- _TASK DIRECTIONS_
Return only the lines below starting at the line containing "diy leather bracelet tutorial - photo #8" and ending at the line containing "Marzipan fruit candies", both included, exactly as they are and with no pictures.

- _RECORDS TO PROCESS_
-------

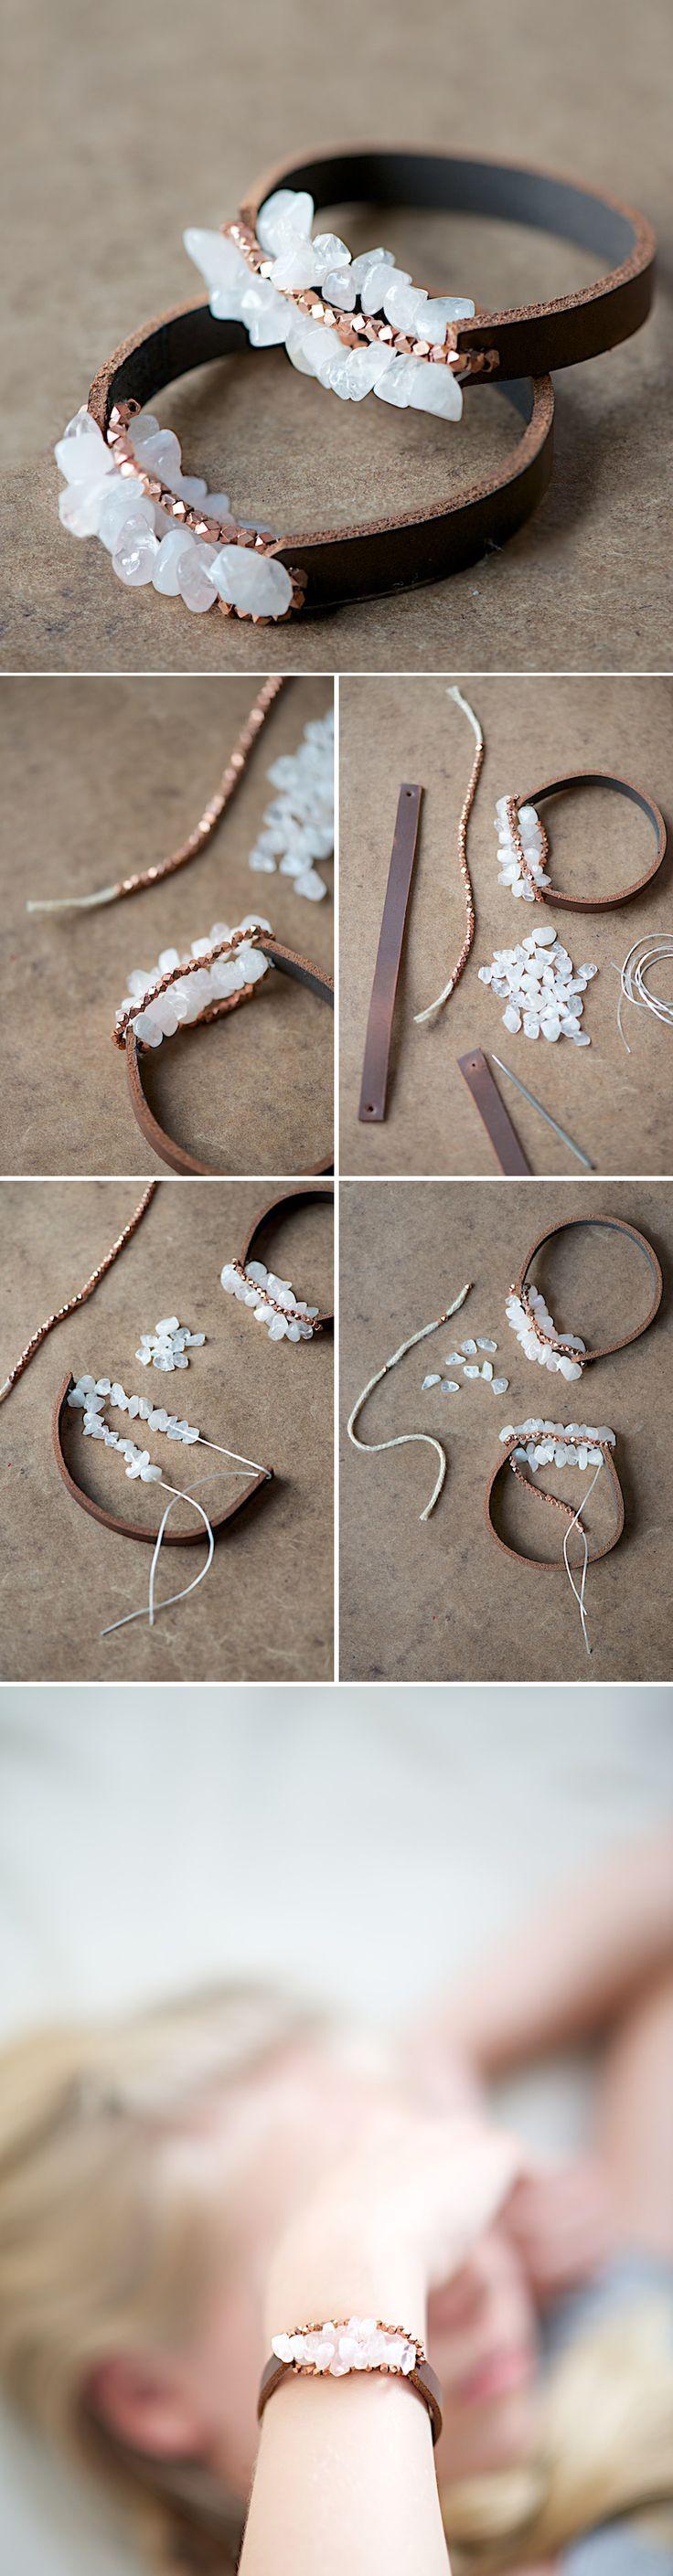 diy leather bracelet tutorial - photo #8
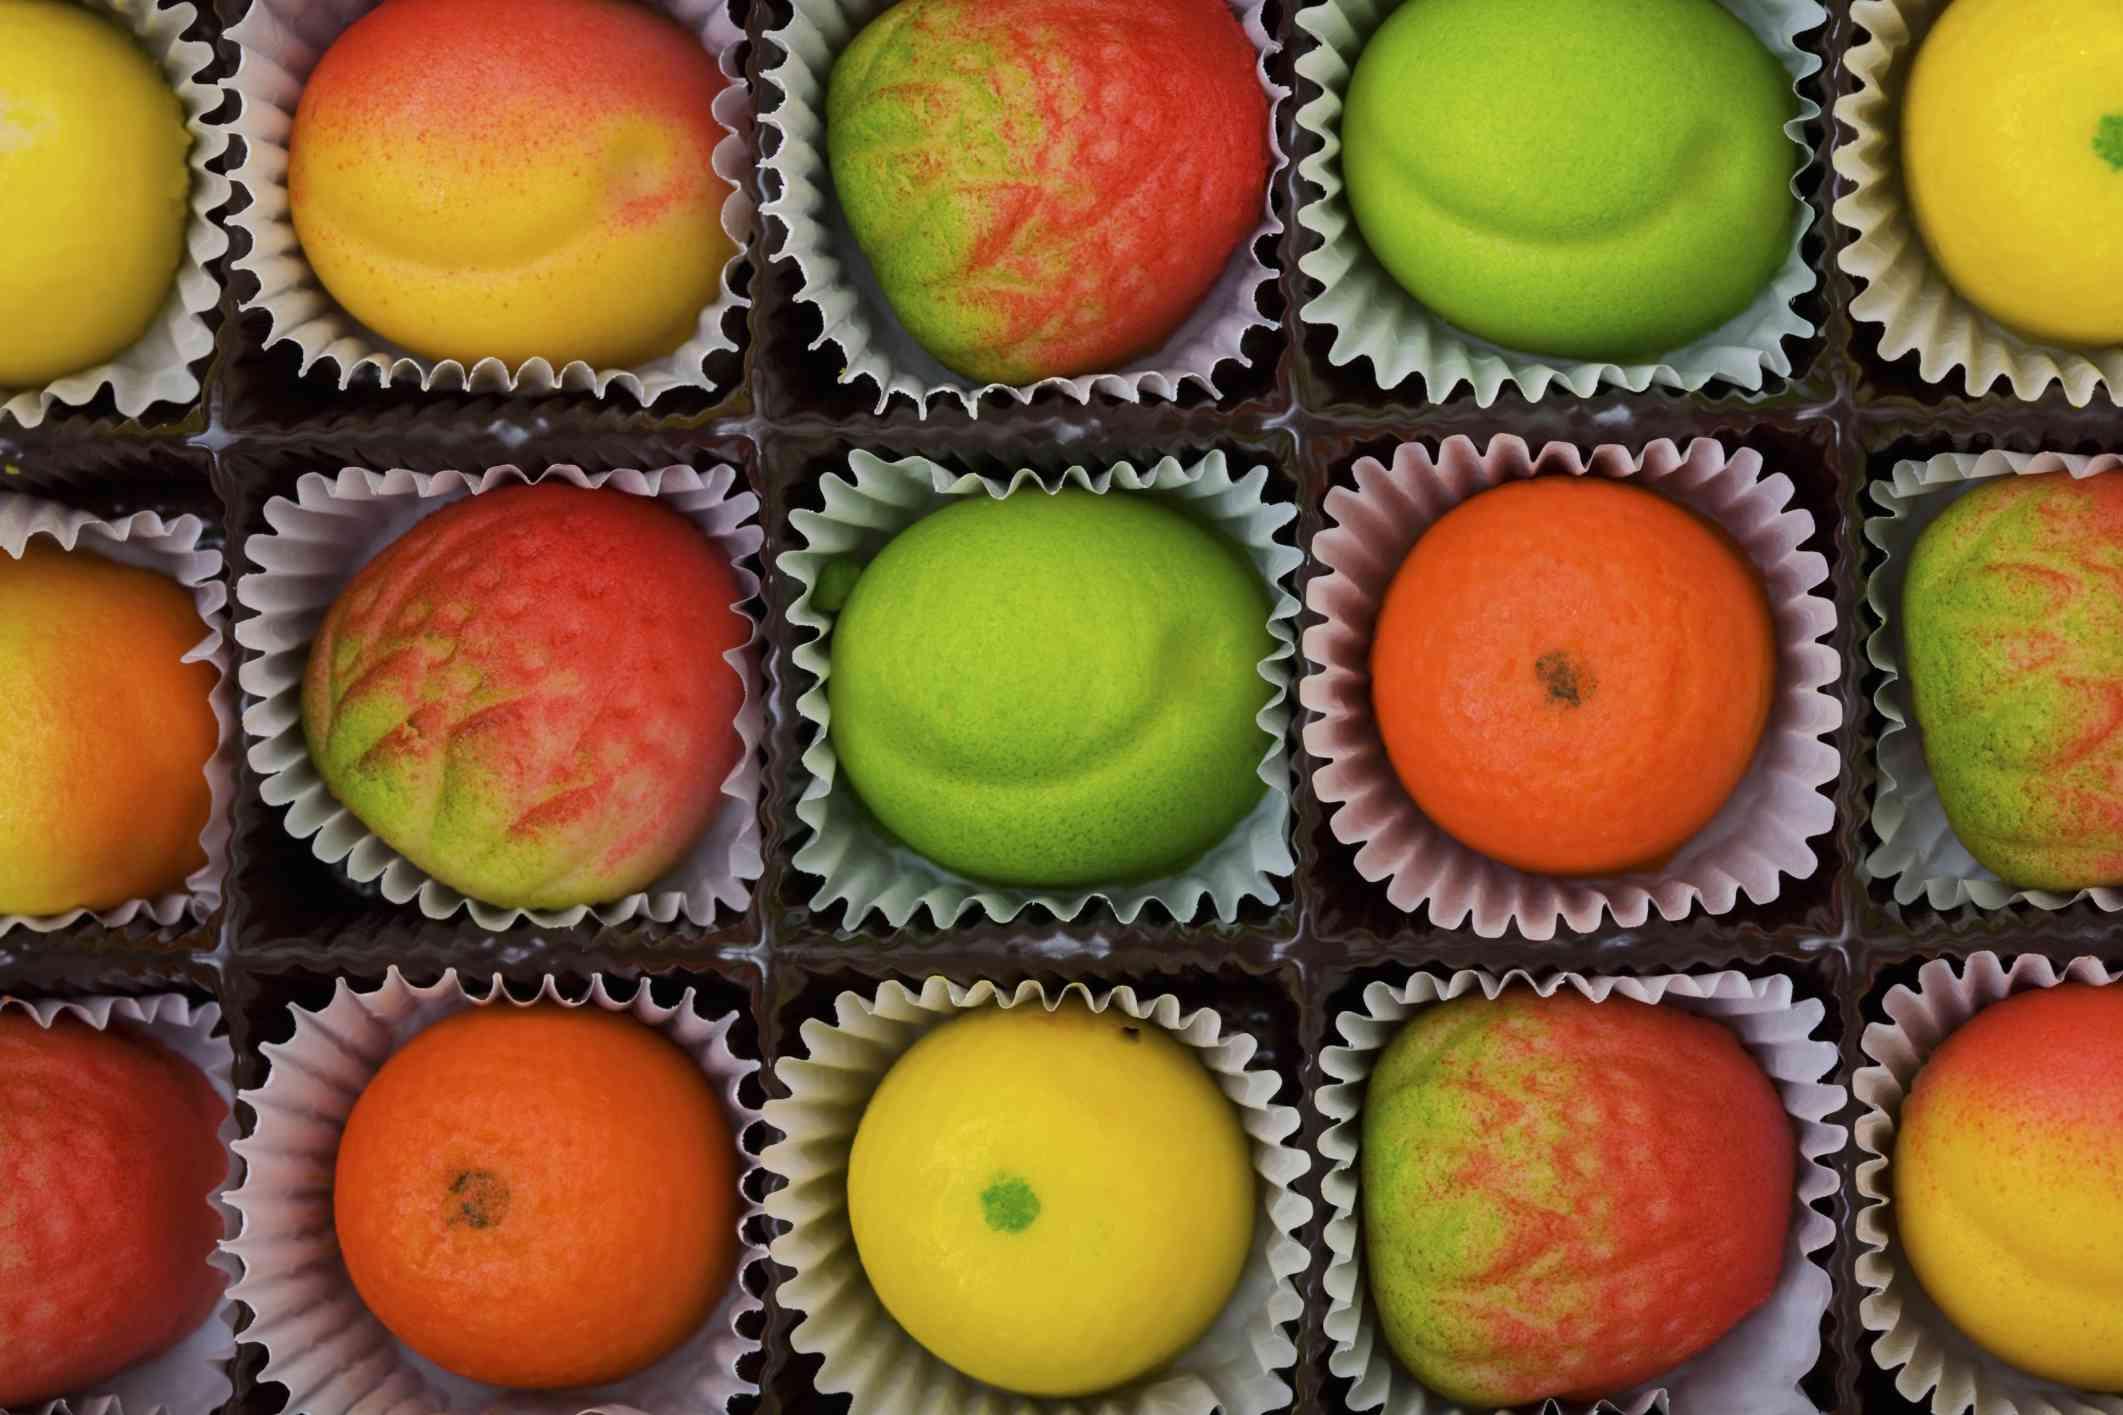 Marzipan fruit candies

-------

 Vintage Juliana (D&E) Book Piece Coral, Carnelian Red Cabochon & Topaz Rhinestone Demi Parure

-------

- _WRITTEN REPLY_
 diy leather bracelet tutorial - photo #8
 Marzipan fruit candies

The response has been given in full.